The Ulster Unionists in Fermanagh questioned the proposed co-option of a DUP nominee to replace a recently deceased DUP member of the Council. The point appeared to be a fair one. The Ulster Unionist concern rested on the nominee being a student, studying in Belfast. In a council were votes count, it is not unreasonable to desire a councillor who is more readily available to attend to council duties.
More cynically, however, the Ulster Unionists also may have sensed a chance to pick up a seat at the DUP’s expense. Without consensus, a by-election is to be held.
The DUP had every right to make its own choice of nominee for co-option. The Party is also to be commended for putting forward a young person who would gain valuable experience of political life, even in the small world of Northern Ireland local government.
Shame then that once the Ulster Unionists had forced a by-election the young man was unceremoniously dropped. The by-election candidate is to be Arlene Foster, a popular local politician and current Minister in Northern Ireland’s Stormont administration. An ex-Ulster Unionist, Mrs Foster is likely to be the DUP standard bearer for Westminster when a General Election is called sooner or later.

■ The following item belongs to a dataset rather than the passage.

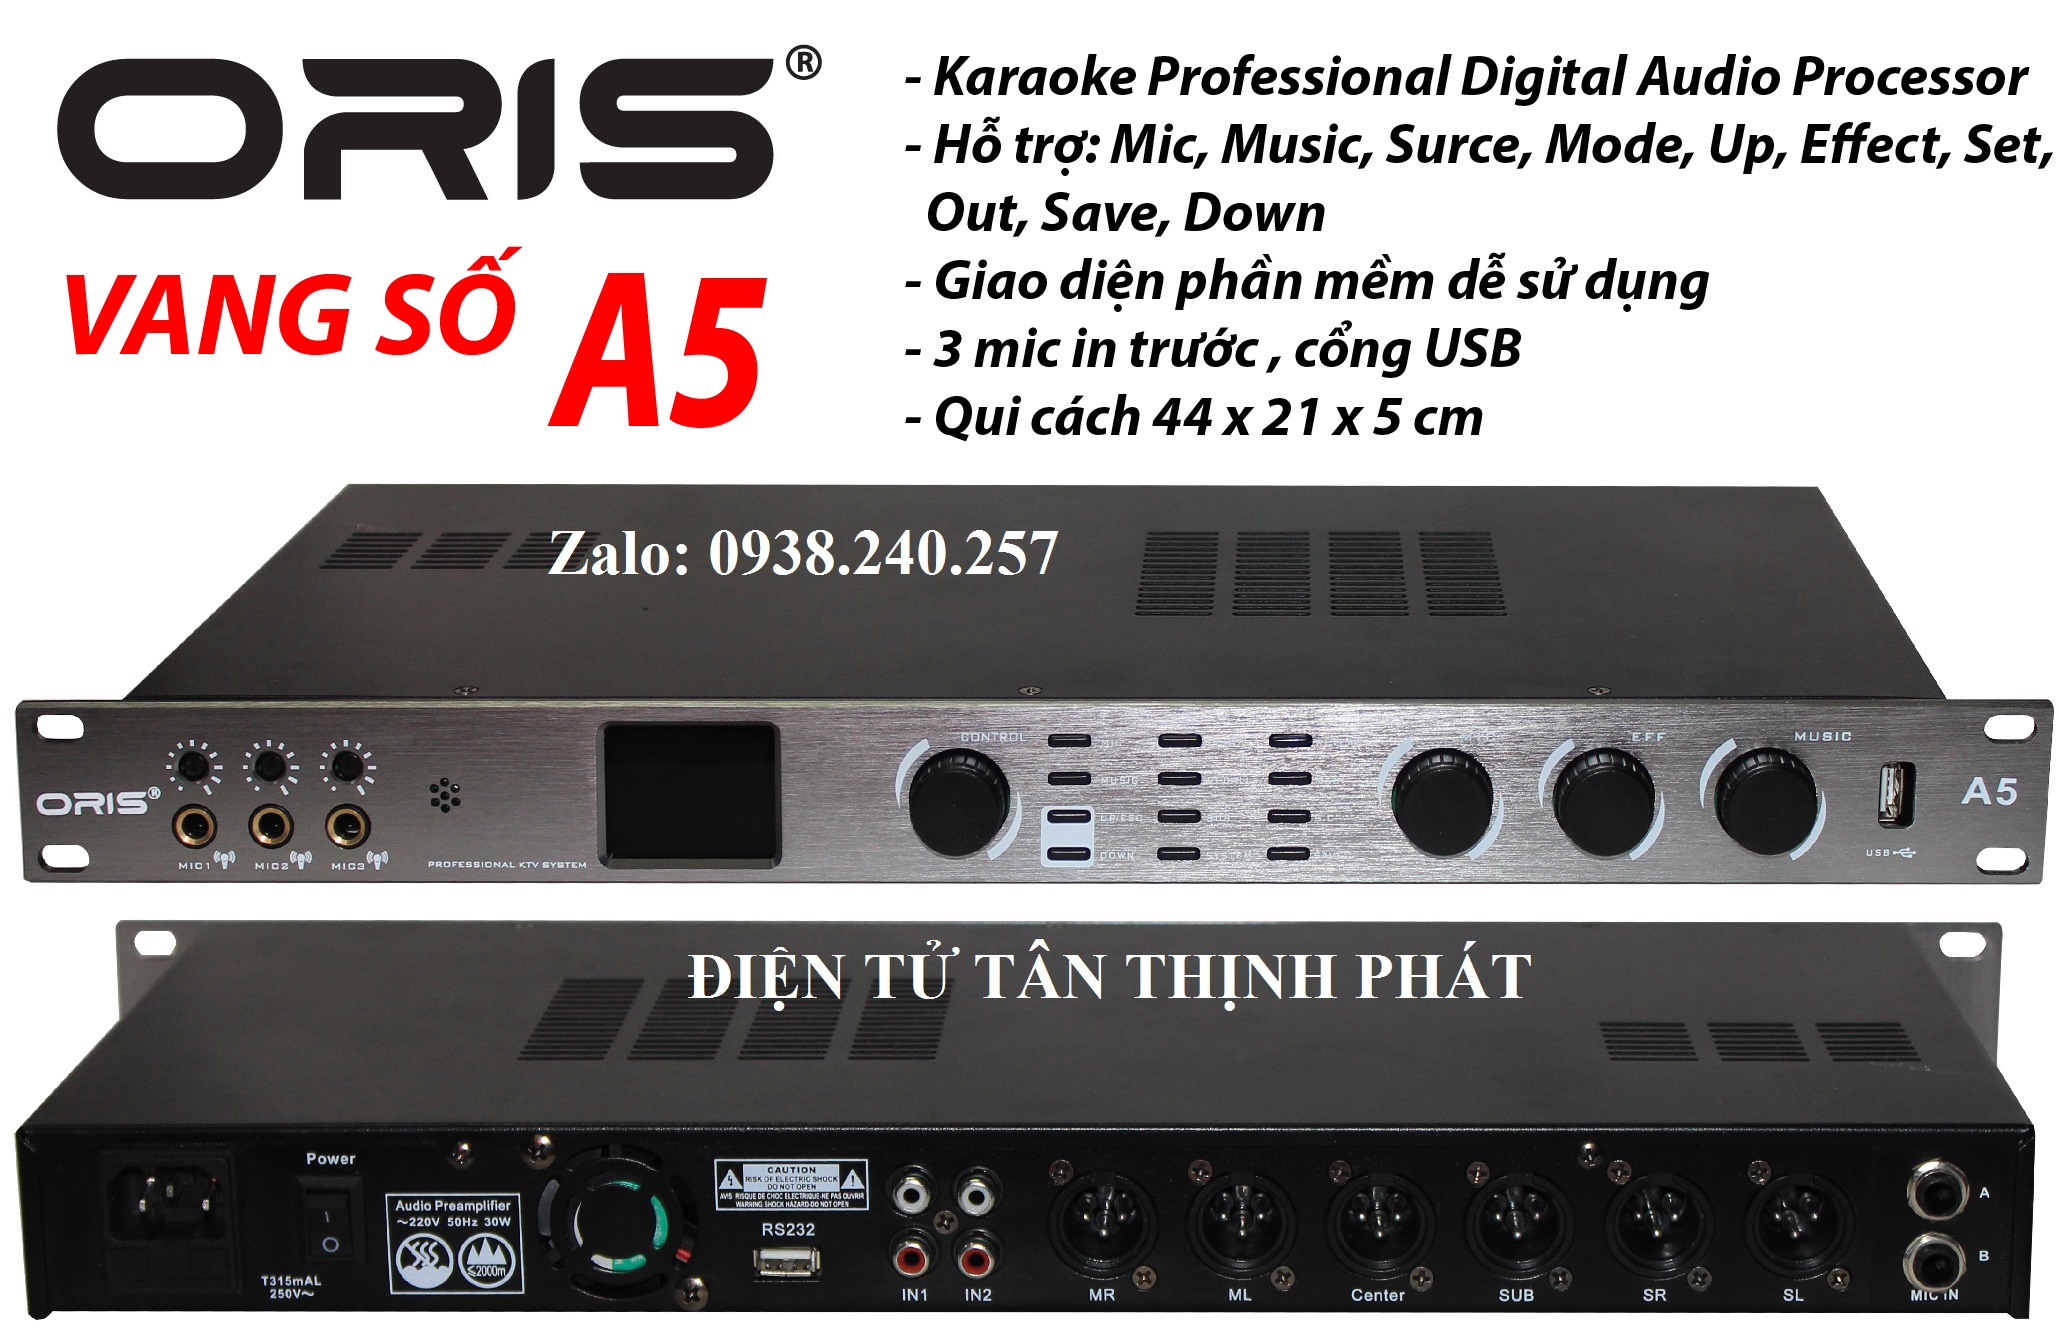 Vang số cao cấp chính hãng ORIS A5 chống hú rít tốt, khả năng xử lý âm thanh chính xác và chi tiết nhất đến từng dải tần

The DUP would be credited with some principle had they stuck by their nominee in the face of a by-election. That the DUP lacks the confidence in the electability of their nominee in an open contest makes the Ulster Unionists look as if they had a point in challenging the simple co-option.
In not running a candidate, the only Party to score a positive political point is the Traditional Unionist Voice (TUV). TUV points to the UUP and DUP spat as an ‘unseemly dispute’ and the by-election as a ‘venture capable of strengthening Sinn Fein’. The by-election result will tell.
Leaving Fermanagh, a wider perspective might consider the actions of the DUP showing deep uncertainty in its forward path. Bringing in a big hitter for the role may prove a winning tactic, but it lacks longer-term strategy. Mrs Foster is not just seeking a dual mandate, her Party’s ambition would have her hold three political roles.
Along with its own established heavy-hitters, the defection of a small number of high profile and electable Ulster Unionists (of which Mrs Foster is one) has provided the DUP with a near monopoly of political personalities within Unionism. With little political difference between the DUP and UUP this matters greatly. The move by the UUP to create ties with the Conservatives may be an effort to seek some differentiation, but little on the main point of sharing power with Sinn Fein etc: tactical nuances rather than any points of principle separate the two.
The reliance on personalities is not a Northern Irish phenomenon. Mick Hume in spiked identifies an international trend: “we are entering an era, not of two- or even multi-party politics, so much as no-party politics.” In this context, personalities matter. Hume also points to the downside of this for political life: “As the gap between the public and the political class widens, political loyalties become more arbitrary and uncertain.” Northern Ireland is not immune to such trends.
Add the volatility and uncertainty of unionist unease at Sinn Fein in Government and it is easy to see why the DUP places reliance on personality over principle. The DUP is not strong enough to proceed with any candidate in Fermanagh at a local council level; it must use the political capital of the popular Mrs Foster.
The spat between the DUP and UUP on the rights and wrongs of a by-election is a distraction from the fact that there is little to separate the two parties. Neither is currently addressing the considerable unease among unionists on the subject of transfer of policing and justice responsibilities from Westminster to the local administration.
In the short term the continued reliance on big personality may deliver another win for the DUP. But being big is not enough in an arbitrary and uncertain political world. Winning is good; but winning comes with a price. While the two main Unionist Parties squabble, the question being increasingly asked by unionists is ‘who’s paying?’